It feels like one of my front tires is coming off while I drive but thats not what is happening. I've run out of ideas and am very open to suggestions.


----------



## Matt93SE (Sep 17, 2003)

how did you check the tie rod ends and ball joints? the rocking method doesn't work on them quite often. my tie rod ends passed that test every time I mess with them, but i finally just broke down and replaced them and the vibrations went away.

also check control arm bushings. they're often knowk for problems like this on Maximas.

Engine mounts could be doing some strange stuff as well. if you have a 5 spd, did you notice any change in the feel of the shifter? usually if an engine or tranny mount breaks, the shifter will flop around more and you may get speed or RPM dependent vibrations in the steering as the engine moves around with the axles.

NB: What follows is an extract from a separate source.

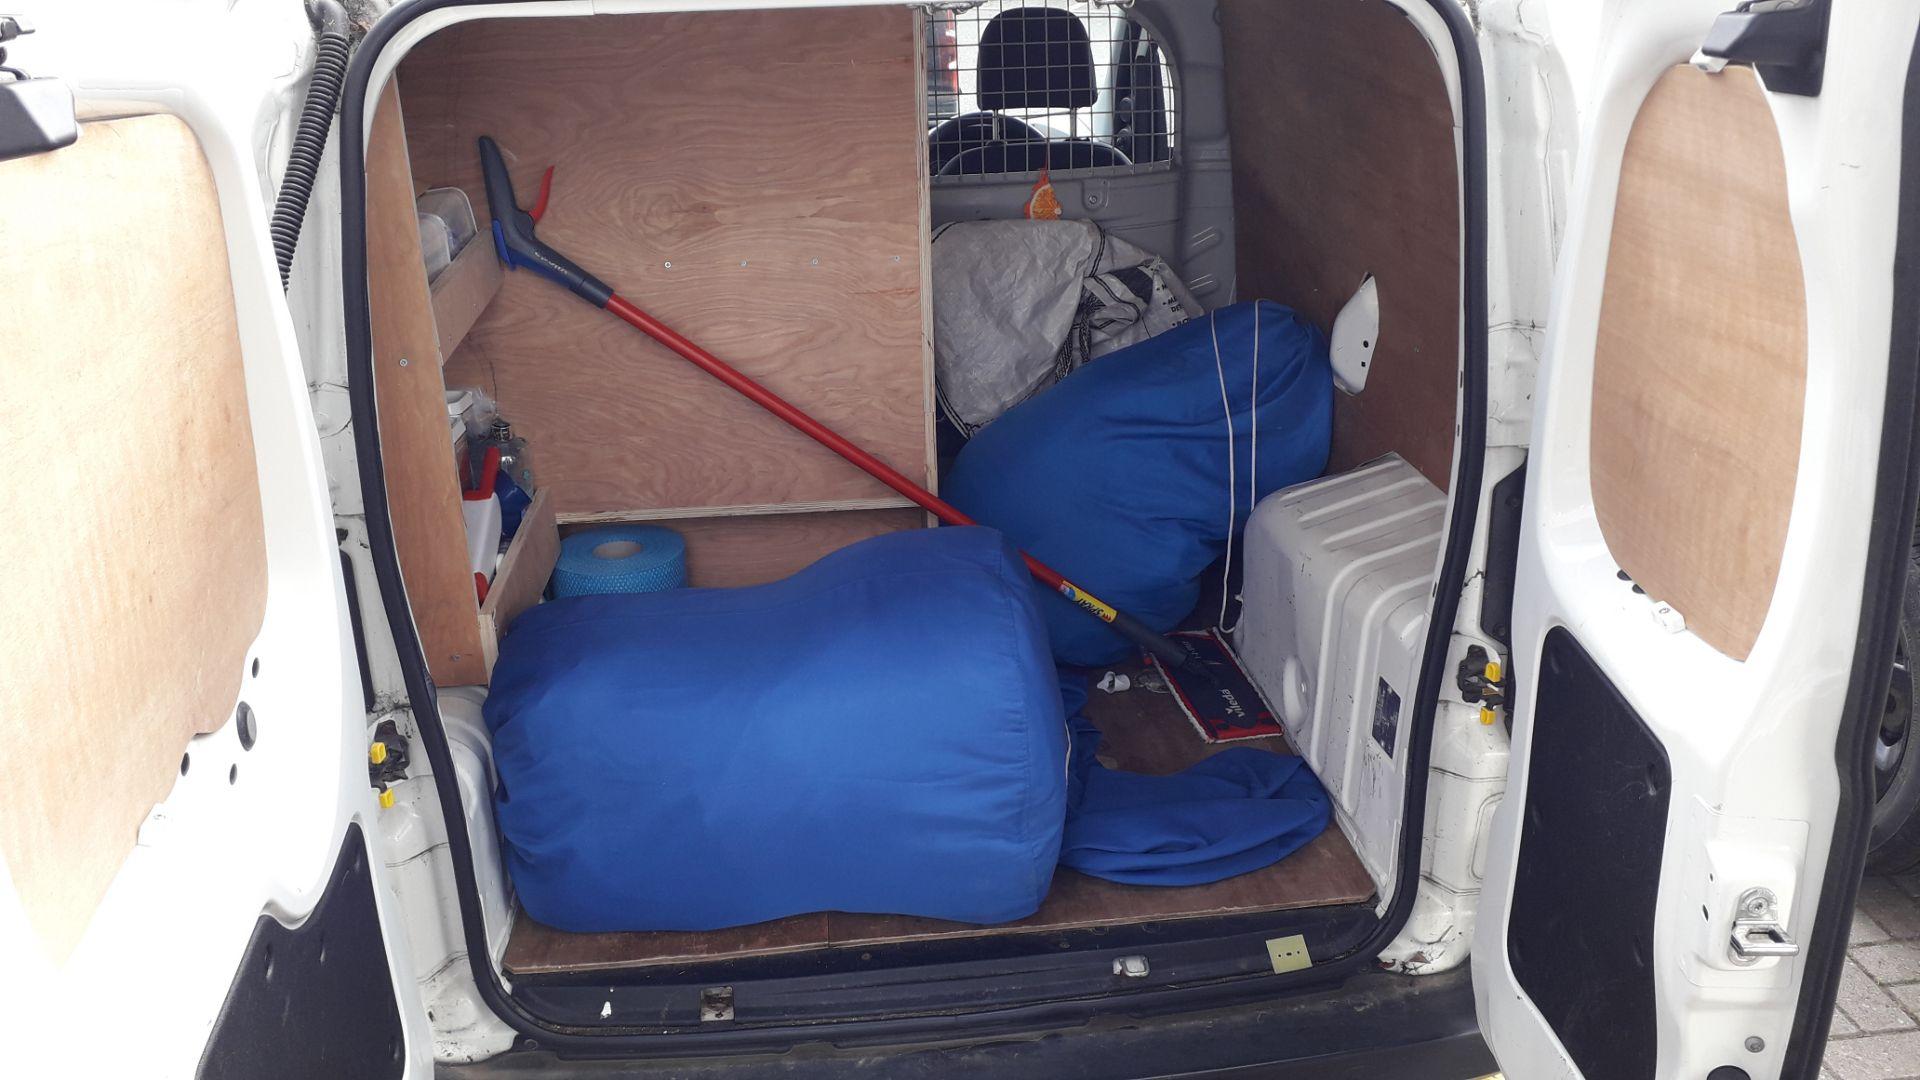 Peugeot Bipper 1.3 Hdi 75 S Diesel Van, Registrati - Image 5 of 10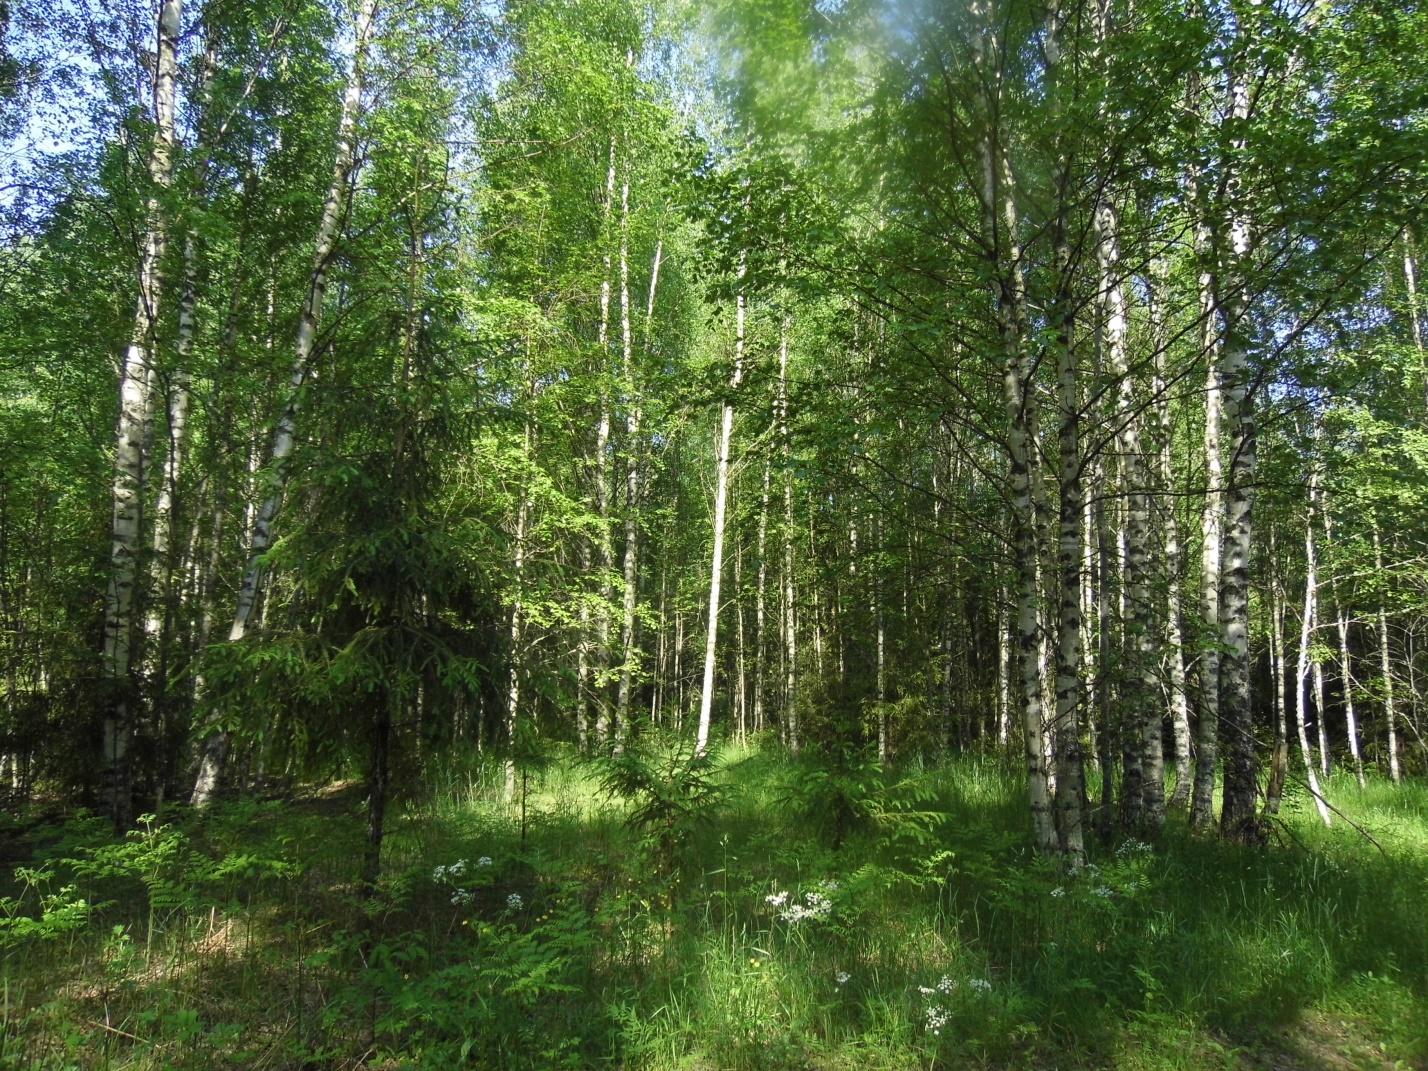 200 га поля в Тверской области заросли кустами и деревьями - новости Афанасий

also may want to have your tires checked again through a load balancer. spin balancing often won't detect a broken belt in the tire, but load balancing can.
look for a tire shop in your area that uses Hunter balancing equipment- the best out there. http://www.hunter.com

If you don't want to do that, start rotating your tires two at a time. swap both right side tires and see if the vibration changes. if not, then swap both left tires. if it does, then your problem is a tire/wheel on the left side. swap the tires left to right then to figure out which one it is.


----------